**Collected data**:
• • • • •

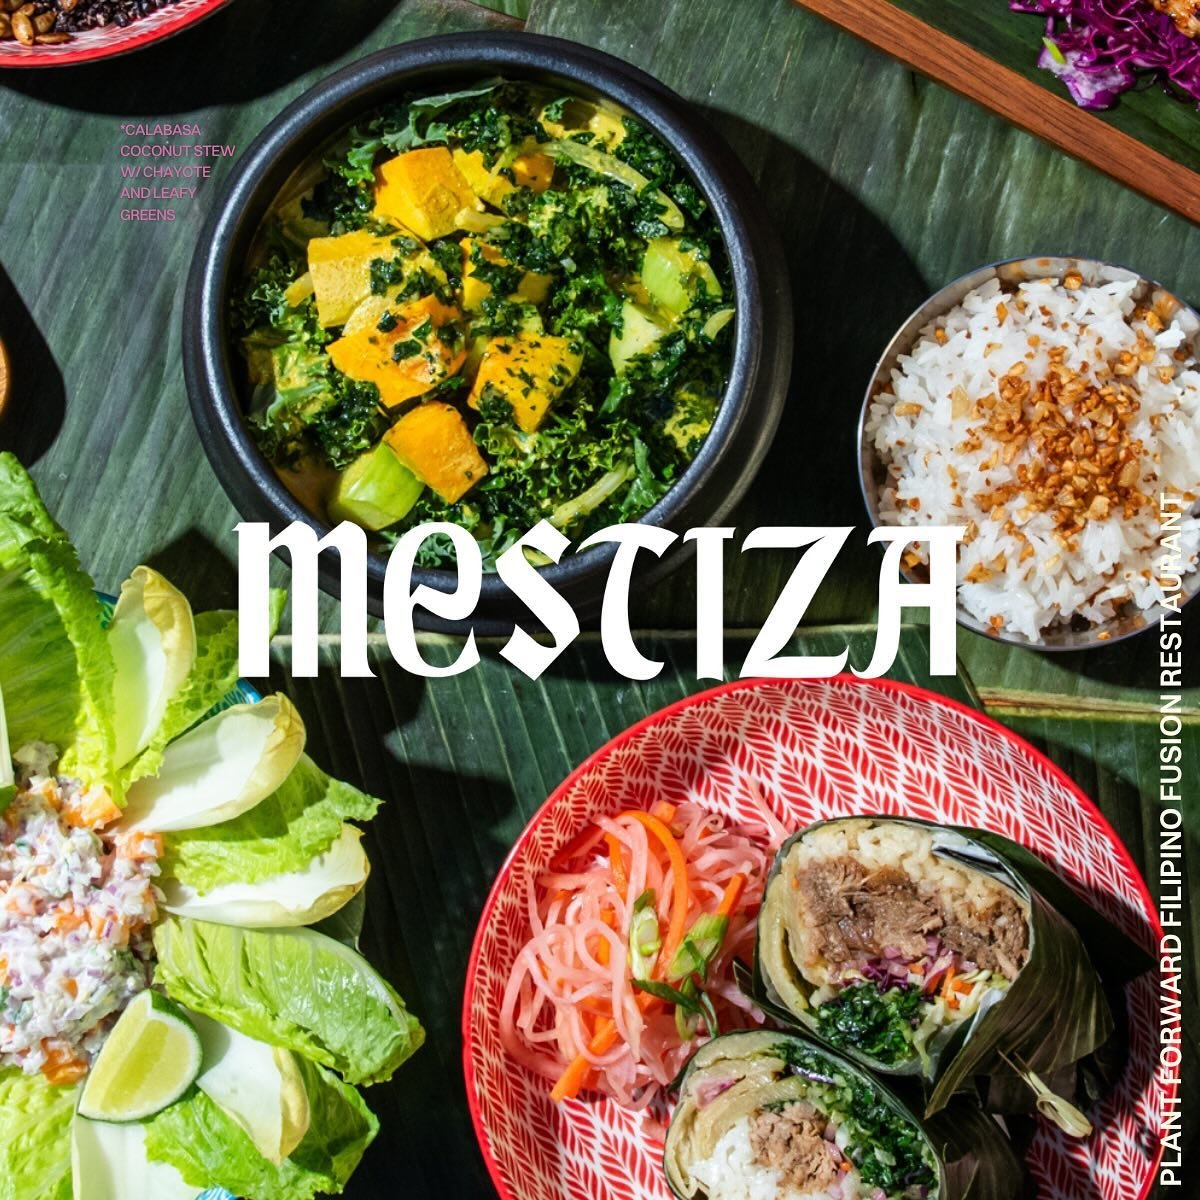 We&rsquo;re excited to announce that we&rsquo;re OFFICIALLY OPEN! 📣✨ The team is so excited to share our new plant forward Filipino fusion menu with you all!

Stop by opening week for free soft serve with a purchase of any meal. 🍦

#MESTIZA #MixedH
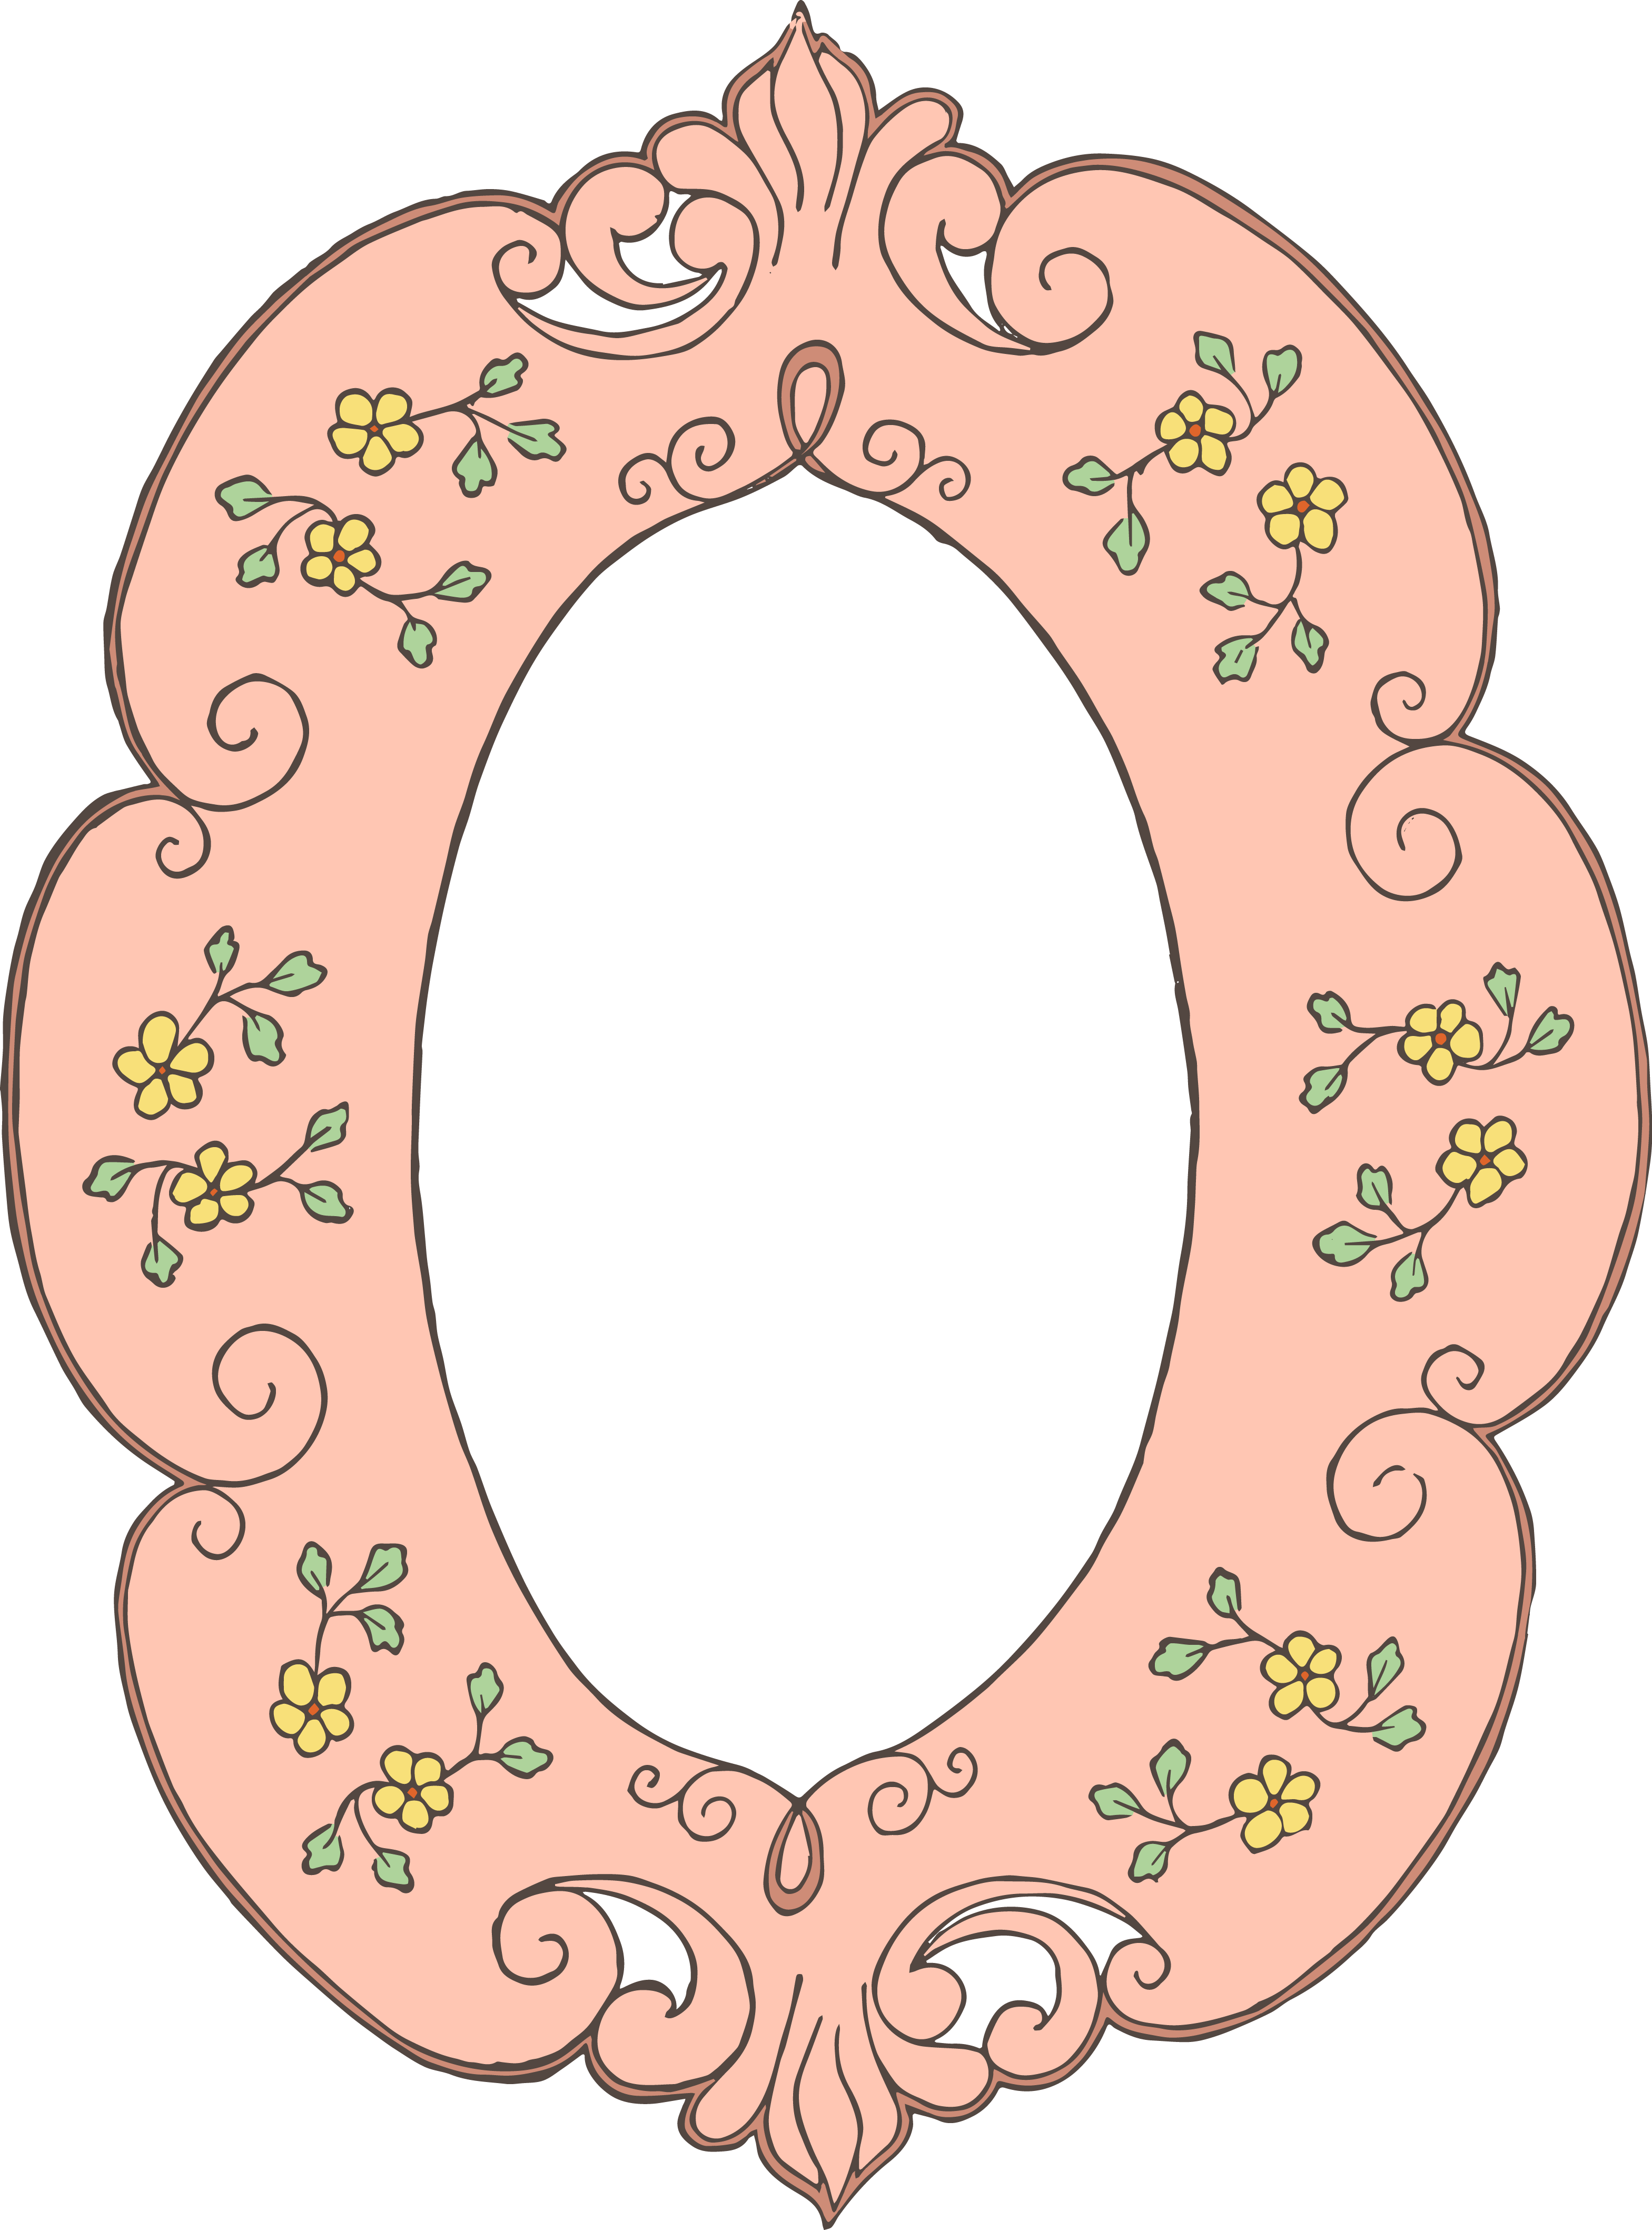 A Pink Oval Frame With Yellow Flowers And Swirls

• • • • •

**Exercise description**: Without including the pictures, copy all of the data exactly.

**Exercise response**:
 We&rsquo;re excited to announce that we&rsquo;re OFFICIALLY OPEN! 📣✨ The team is so excited to share our new plant forward Filipino fusion menu with you all!

Stop by opening week for free soft serve with a purchase of any meal. 🍦

#MESTIZA #MixedH
 A Pink Oval Frame With Yellow Flowers And Swirls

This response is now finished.